Lawrence resident’s art, energy lead to deep community involvement

Ursula Minor, of Lawrence, stays busy with presiding over the local NAACP chapter, sitting on the Lawrence Public Library board and heavy involvement in the Lawrence arts scene.

Later in January, Lawrence resident Ursula Minor will once again set up a crafts booth for students at an after-hours educational game night at Woodlawn Elementary, as she’s done for nearly 10 years.

Minor did not attend the school, and neither did her two adult children. Minor doesn’t even live in the same part of town. But the modest, annual visit made to Woodlawn (and Pinckney Elementary — she does the same thing there) is a favorite activity for Minor, who stays busy with presiding over the local NAACP chapter, sitting on the Lawrence Public Library board and heavy involvement in the Lawrence arts scene.

“I just love the people and I just love getting out there and just doing stuff,” said Minor, 55, on being active in the community. “It never ends, but I enjoy it.”

Minor is a native Lawrencian and works as an assembler at the technology manufacturer Honeywell, where her husband, James, is a customer quality engineer. Her love of art was stoked as a Girl Scout, when she was always working with crafts. Today, she collects materials as if she were the “other Hobby Lobby.”

“I pick up beads and stuff everywhere,” she said.

Much of Minor’s artwork involves a months-long process of decorating dummy heads and other objects with a vibrant collage of beads and other small items covering every inch.

Minor is a member of the Lawrence Art Guild and Lawrence Creates Makerspace, and her work has appeared in Final Friday displays. Other pieces of her artwork — she used to be big into homemade dollhouses — have been donated to auction fundraisers for organizations such as Douglas County Casa and the Douglas County Aids Project, she said. One of them fetched about $300.

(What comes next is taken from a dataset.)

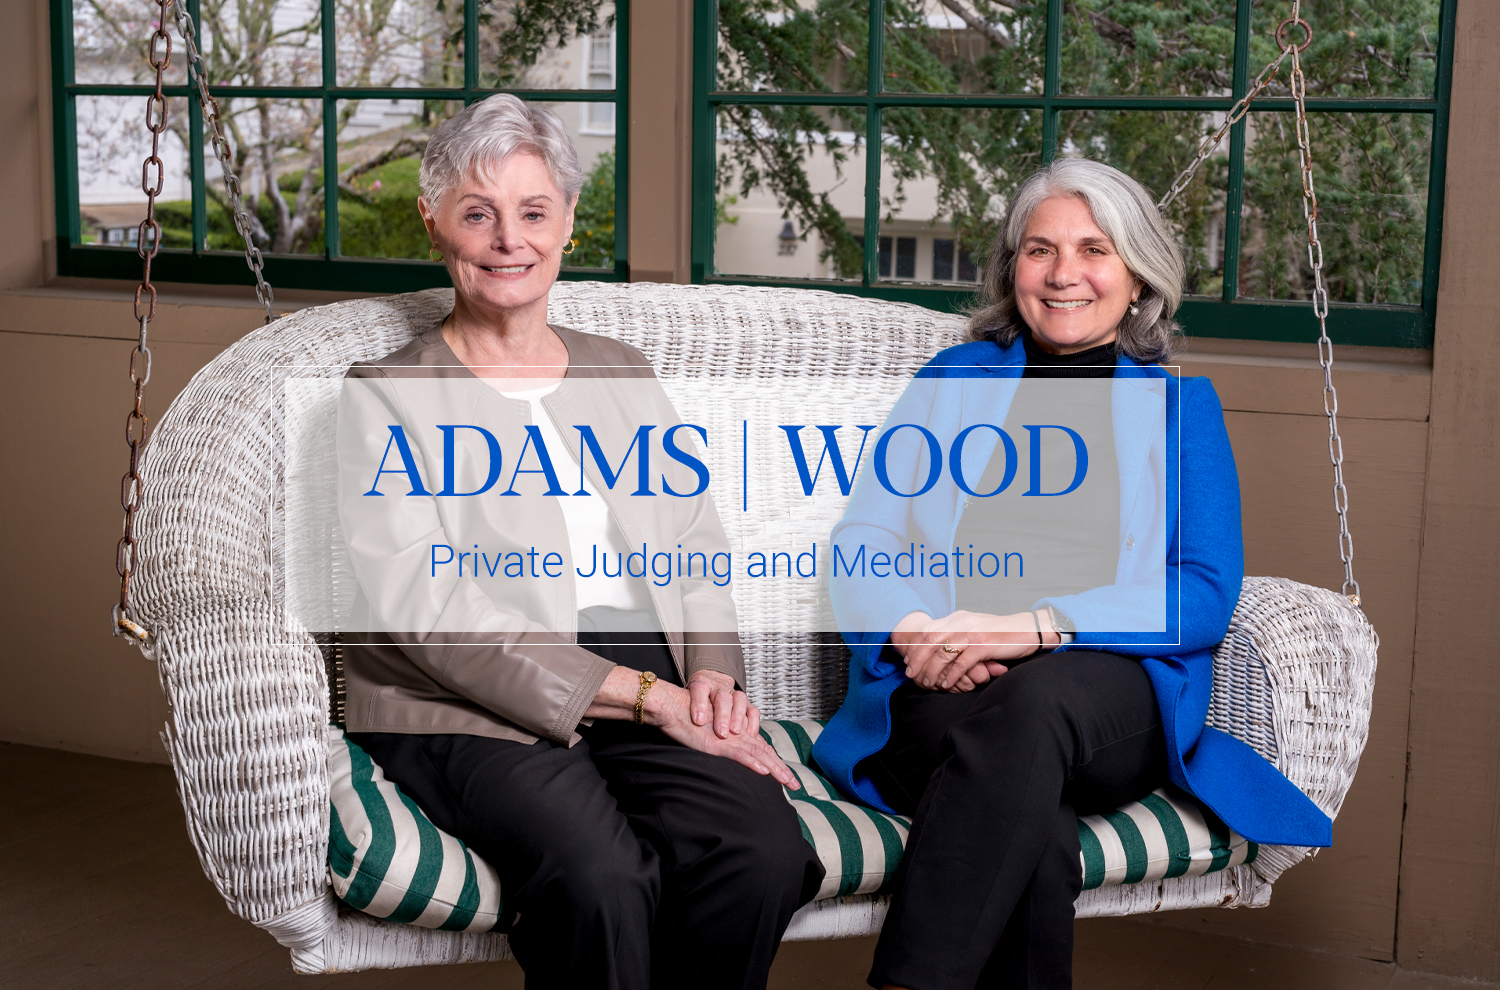 Judge Adams and Judge Wood

Minor said she inherited her proactive, community-driven energy from her parents, who raised seven children, worked and still found the time to volunteer. “Always doing something,” she said.

But it’s also her enthusiasm for art that pushed her into different aspects of the community. She first began associating with the NAACP about 15 years ago, doing things like making flyers or table centerpieces. And it was at an NAACP event in a park, with a craft station set up for kids, where attendees began asking if she’d do the same in other settings, like schools and the Boys and Girls Club.

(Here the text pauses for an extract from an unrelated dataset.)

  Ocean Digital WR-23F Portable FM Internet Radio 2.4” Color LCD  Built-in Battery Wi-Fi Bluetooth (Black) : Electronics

“She’s an artist at heart and so she really encourages the students to use their creativity to come up with something they will enjoy taking home with them,” said Jeanne Fridell, Woodlawn’s principal. “It’s usually one of the more popular stations” at the game night.

Minor says her initial involvement with the NAACP didn’t involve the ambition of becoming its president, but she was elected to the top job in 2010. Among other projects there, she said, she helped turn its scholarship program into a consistently annual thing, awarding $250 or $500 grants to four Lawrence public high school students, up from one.

The energy has transferred to the rest of her family, too. Minor’s daughter, a graphic designer, usually comes along for the crafts stand at Woodlawn and Pinckney. Minor credits her son with ideas for the beaded heads. Her husband James, a member of Lawrence’s Community Development Advisory Board and an NAACP volunteer, says he’d be less active if it weren’t for her.

“I think it’s fascinating seeing her be able to do the things (she does),” he said.

With the end of her library board term approaching, Minor said she has a short list of other committees she’d like to join if she does not return. She has no plans to hit the brakes.

“I have a hard time saying no,” she said. “Sometimes I have to, and it just kills me. I just like to help people and do different things.”